Henrique, o gajo de Alfama


 

De há uns anos a esta parte que Henrique Raposo chamou a si a tarefa de ser um verdadeiro intérprete da tradição da Igreja, o garante da pureza evangélica e o guardião da fé. Por isso de vez em vez brinda-nos com um artigo onde denuncia uns quaisquer hereges que, ao contrário de si, sempre cheio de caridade, são responsáveis por uma quantidade de malefícios para o mundo e para a Igreja.

O problema é que se é verdade que Henrique Raposo escreve com toda a arrogância de um Doutor, os seus argumentos em geral estão ao nível do gajo de Alfama. Henrique Raposo tem certezas sobre todos os assuntos, sobretudo aqueles sobre os quais nunca estudou ou trabalhou. E exibe a sua ignorância nos jornais com a mesma arrogância de um bêbado na tasca do bairro.

Entre as pérolas com que já nos brindou, está um artigo onde explicava que um aborto em caso de violência era uma questão de legítima defesa (demonstrando que nem se deu ao trabalho de ler a definição de legítima defesa do Código Penal), um artigo onde se propunha a corrigir Santo Agostinho e repetidas proclamações de que um nacionalista não pode ser católico, deixando assim claro que nunca pousou os olhos na obras do Padre António Vieira ou na poesia de Peguy.

Raposo é em tudo igual ao gajo de Alfama: não estuda, não lê, mas tem opiniões sobre tudo, convencido da sua genialidade, incompreendido pelo mundo, mas tudo julgando com rigor a partir do seu pequeno mundo. Só lhe falta o lugar na mesa da tasca e a tacinha de tinto.
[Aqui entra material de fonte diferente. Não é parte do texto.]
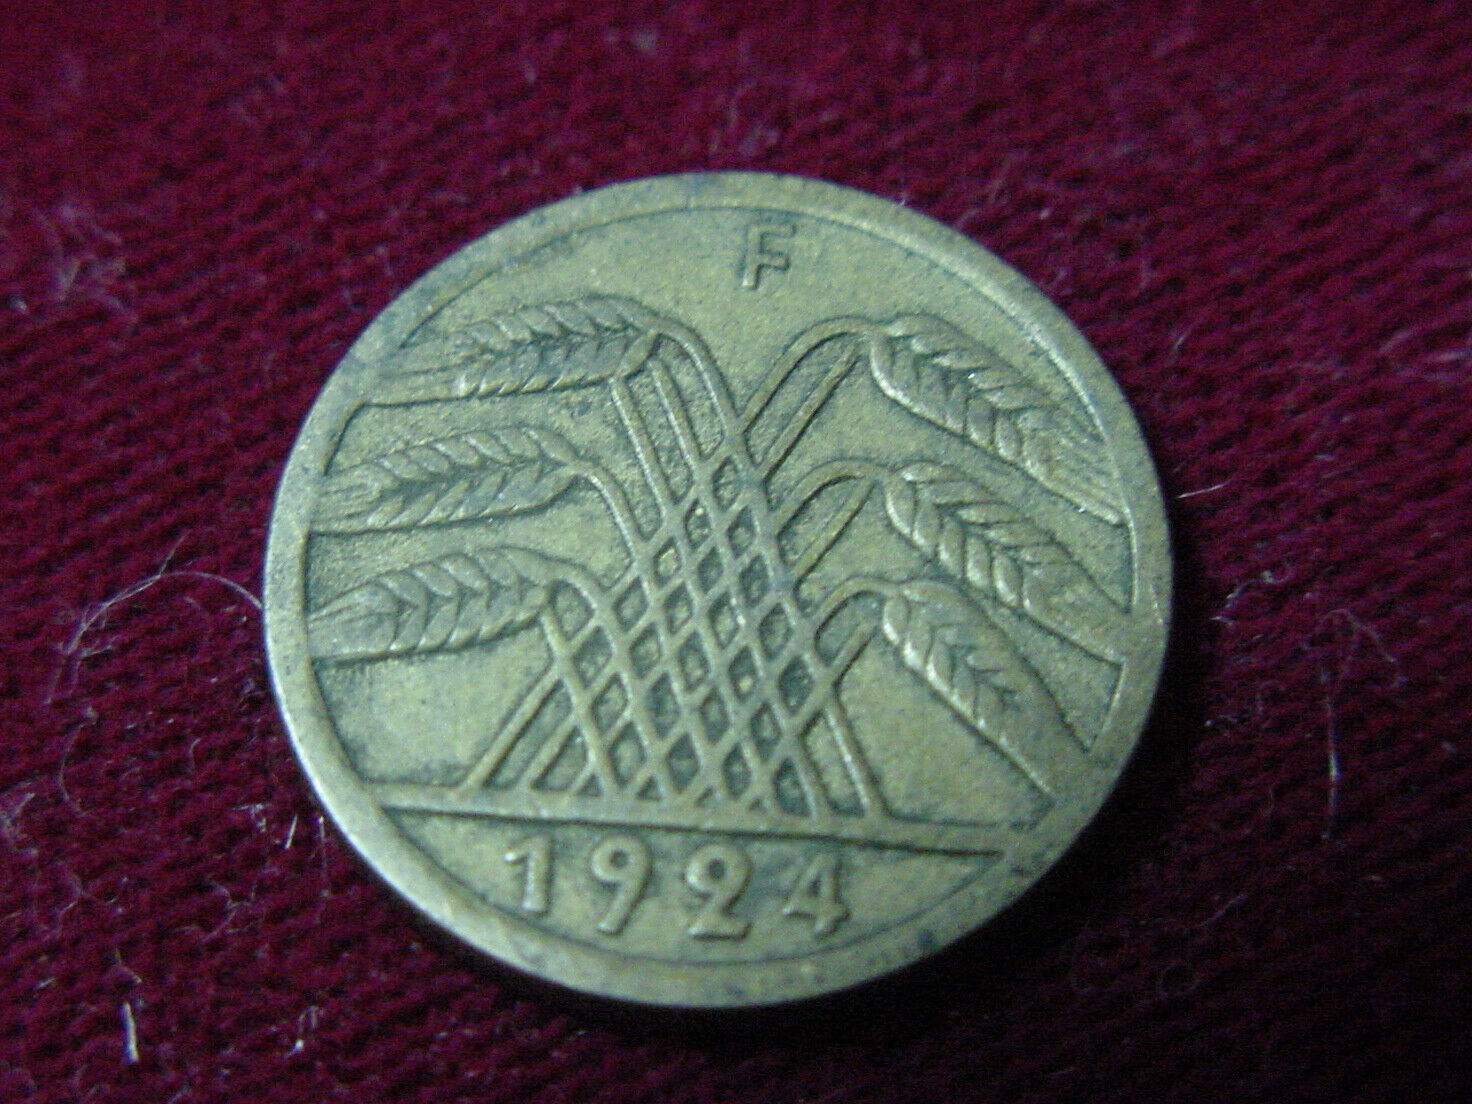 GERMANY DEUTSCHES REICH 1924 F 50 PFENNIG COIN

Nestes dias o gajo de Alfama alçado a cronista decidiu escrever um artigo onde, a propósito do livro Família e Identidade, insulta todos os que defendem a Vida e a Família. Não tenciono responder ao artigo, é um conjunto de insultos, com afirmações categóricas sem qualquer referência, e conclusões ideológicas, quando por exemplo explica que ao não falar do motherhood gap os autores do livro contribuíram para o crescimento da direita populista e machista (aparentemente ele explicar a Manuela Eanes ou a Isabel Galriça Neto sobre com o que as mulheres se devem preocupar não é machismo). Mas fico impressionado que um homem adulto não perceba a figura ridícula que faz quando insulta um conjunto de personalidades com obra académica, profissional, social e política extraordinária sem pelo menos se dar ao trabalho de estudar os temas ou ler o que eles escrevem. Não terá Henrique Raposo sentido do ridículo? Não percebe o quão absurdo é um homem cuja única obra conhecida é escrever artigos medíocres, explicar a Manuela Eanes que ela não se preocupa com a vida das crianças em concreto? Ou a Dom Manuel Clemente a doutrina da Igreja? Ou em acusar Guilherme de Oliveira Martins de contribuir para o crescimento da direita populista?

Os autores do livro não precisam de defesa, a sua obra fala por si. Mas Henrique Raposo precisa de um amigo daqueles que, vendo o gajo de Alfama completamente bêbado a fazer figura ridículas na tasca, o leva discretamente para casa.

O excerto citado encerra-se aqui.